Gastronomie Janine Keller 25.10.2021

Serie «Tea Time» (Teil 2): Tee zelebrieren

Tee trinken ist mehr als Kräuter mit heissem Wasser zu übergiessen. Dies zeigt Teemeisterin Ivy Fang im Rahmen einer traditionellen chinesischen Teezeremonie.

Tee ist wie das Leben: Manchmal schmeckt er zuerst bitter, bevor er süss wird. Das sind die Worte von Teemeisterin Ivy Fang. Die gebürtige Chinesin lebt seit 2005 in der Schweiz und führt hier regelmässig Teezeremonien durch. So auch heute in Henau (SG). Zehn chinesische Frauen und ich stehen versammelt um einen in Grün- und Brauntönen dekorierten Tisch, auf dem feinstes chinesisches Geschirr und filigrane Figürchen sorgfältig drapiert sind. Die Dekoration ist nicht zufällig. Jede Zeremonie wird einem bestimmten Thema gewidmet, passend zu Ort und Zeitpunkt. Auf dem Tisch stehen unter anderem eine kleine Schneckenfigur und Blumen – Ivy Fang hat das Thema Garten für den heutigen Anlass gewählt. «Der Garten steht für mich für die Zeit zwischen Frühling und Sommer.» Alles scheint sorgfältig geplant. Ich stelle mich auf ein bedächtiges, strukturiertes Ritual ein und werde eines Besseren belehrt. Denn am heutigen Anlass wird laut gelacht und diskutiert. Die Kombination aus Struktur und Zwanglosigkeit wird mich heute noch einige Male überraschen.

Eine Zeremonie in fünf Schritten

Theoretisch läuft eine chinesische Teezeremonie immer in denselben fünf Schritten ab, beginnend mit der Positionierung der Tischgarnitur. Sind alle Teilnehmenden versammelt, werden die verschiedenen Teeblätter präsentiert, alle Anwesenden dürfen daran riechen. Anschliessend werden die Teeblätter in die sogenannte Zi-Sha-Teekanne gegeben, ein traditionelles chinesisches Aufbrühgefäss aus Töpferton. Nun wird das richtig temperierte, kochende Wasser dazugegeben.

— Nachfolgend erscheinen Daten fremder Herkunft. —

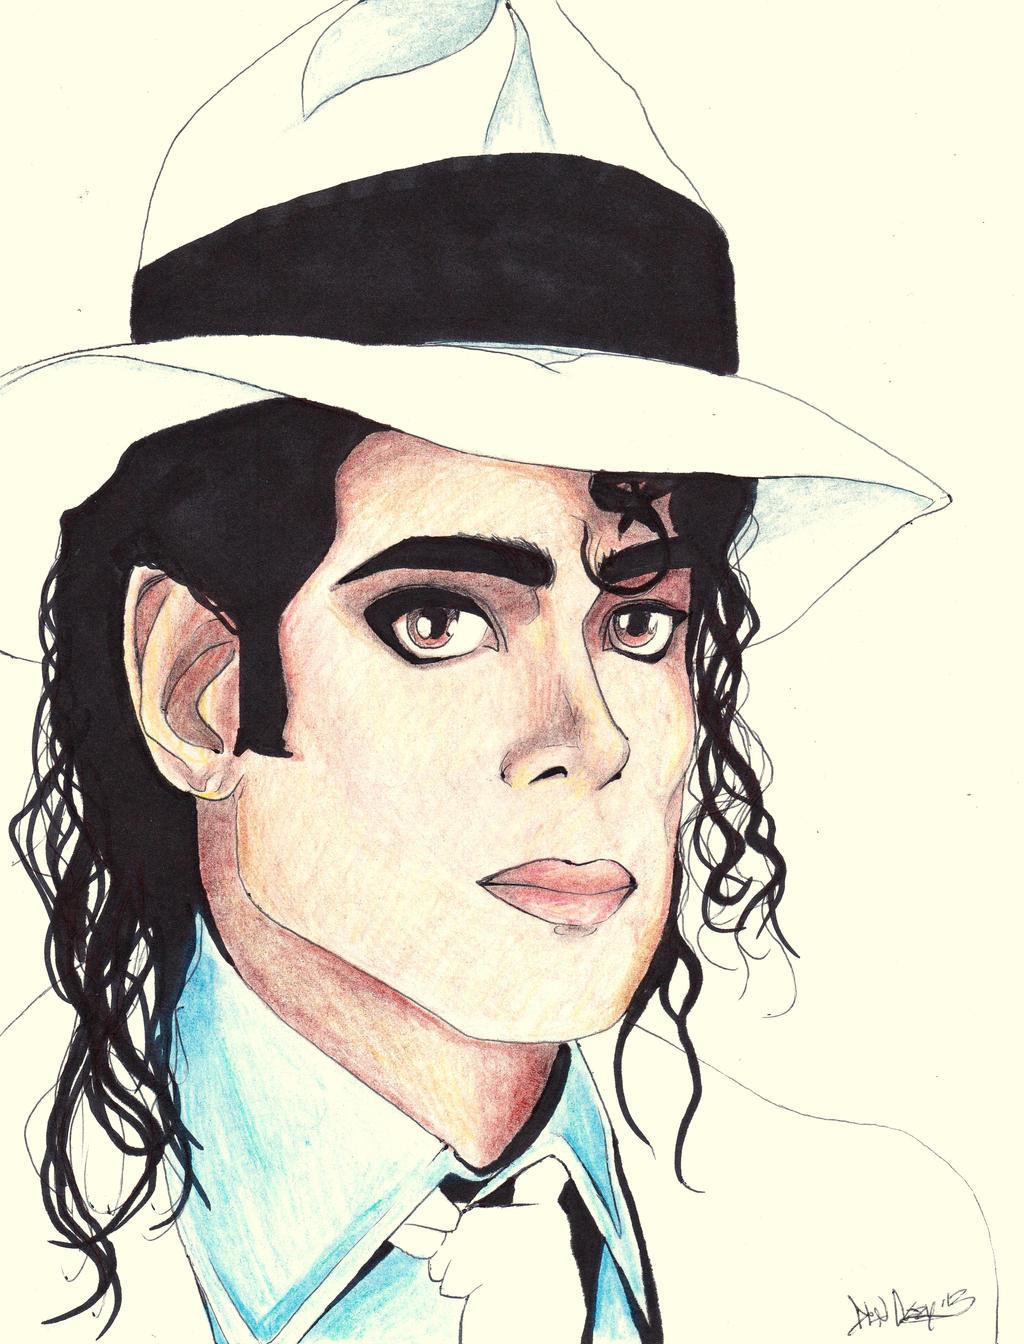 Michael Jackson Smooth Criminal Wallpaper 77510 Radiotimes

Hat der Tee seine Ziehzeit erreicht, wird er gleichmässig im Uhrzeigersinn in die bereitstehenden Teeschalen gegossen. Bevor die Gäste den Tee geniessen können, wollen Farbe und Aroma bewundert werden. Nicht selten kommen dabei spezielle doppelte Tassen zum Einsatz: Der obere Teil dient dem Riechen, aus dem unteren Teil wird getrunken. Je nach Teesorte folgen bis zu zehn weitere Aufgüsse, wobei sich der Geschmack und die Stärke des Tees bei jeder Runde verändern.

Pflicht und Kür

Die Theorie klingt nach einem geordneten Ablauf, in der Umsetzung jedoch nimmt man es nicht ganz so streng. Das sei der Unterschied zwischen japanischen und chinesischen Teezeremonien, sagt Ivy Fang. «Während bei japanischen Teeritualen nicht geredet werden darf, lebt das chinesische Pendant von Diskussionen und Austausch.» Die Zeremonie in Henau ist das beste Beispiel dafür. Alle Teilnehmerinnen reden ausgelassen miteinander, lachen, verlassen den Tisch des Geschehens und kommen zurück, wenn sie ihre Tassen gerne nochmals gefüllt haben möchten. Genau so soll es sein, findet Ivy Fang. «In einer chinesischen Teefeierlichkeit geht es um das Zusammensein und um die Gemeinschaft. Es soll entspannte

«Chinesische Teerzeremonien leben von Diskussionen und Austausch.»

Ivy Fang Teemeisterin

und ausgelassene Stimmung herrschen.» Respekt und Anstand sind trotzdem an der Tagesordnung und haben bei einem Teeritual ihren festen Platz. «Ich zeige meinen Respekt beispielsweise, indem ich die Tassen nicht überfülle und die Teilnehmenden so nicht in eine unangenehme Lage bringe. Die Teilnehmenden wiederum sollten darauf achten, nicht zu schlürfen», präzisiert die Teemeisterin.

 

Kultur-Crashkurs

Eine junge Teilnehmerin erklärt mir zudem höflich, dass es in China als anständig gelte, Gegenstände wie Tassen mit beiden Händen statt nur mit einer anzunehmen, nachdem ich gerade das Gegenteil tat. Sie trägt einen traditionellen Qipao, ein seidenes, bis zum Kragen hochgeschlossenes Kleid mit Floralmuster. Am heutigen Tag erfahre ich viel über chinesische Sitten und Bräuche, denn ich befinde mich in einer Runde von Chinaexpertinnen. Die Teezeremonie wurde von der Swiss Guqin Association organisiert, der auch Ivy Fang angehört. Der Verein setzt sich für die Verbreitung der traditionellen chinesischen Kunst und Philosophie in der Schweiz und den umliegenden Ländern ein. Die heutige Veranstaltung findet im Wohnzimmer von Vereinsgründerin und -leiterin Qin Streller-Shen statt. «Bei unseren regelmässigen Treffen spielen wir jeweils gemeinsam das chinesische Zupfinstrument Guqin, lesen Gedichte, kochen und philosophieren.» Als Ivy Fang vor acht Jahren dazustiess, bereicherte sie den Verein mit ihrem Teewissen, das Qin Streller-Shen sehr schätzt. «Tee ist ein wichtiger Bestandteil der chinesischen Kultur. Es ist nicht nur ein Lebensmittel, sondern steht für ein Lebensgefühl», so die Vereinsleiterin. Seither buchten bereits Institutionen wie die Bibliothek St.Gallen oder das Konfuzius-Institut in Basel Teezeremonien über den Verein.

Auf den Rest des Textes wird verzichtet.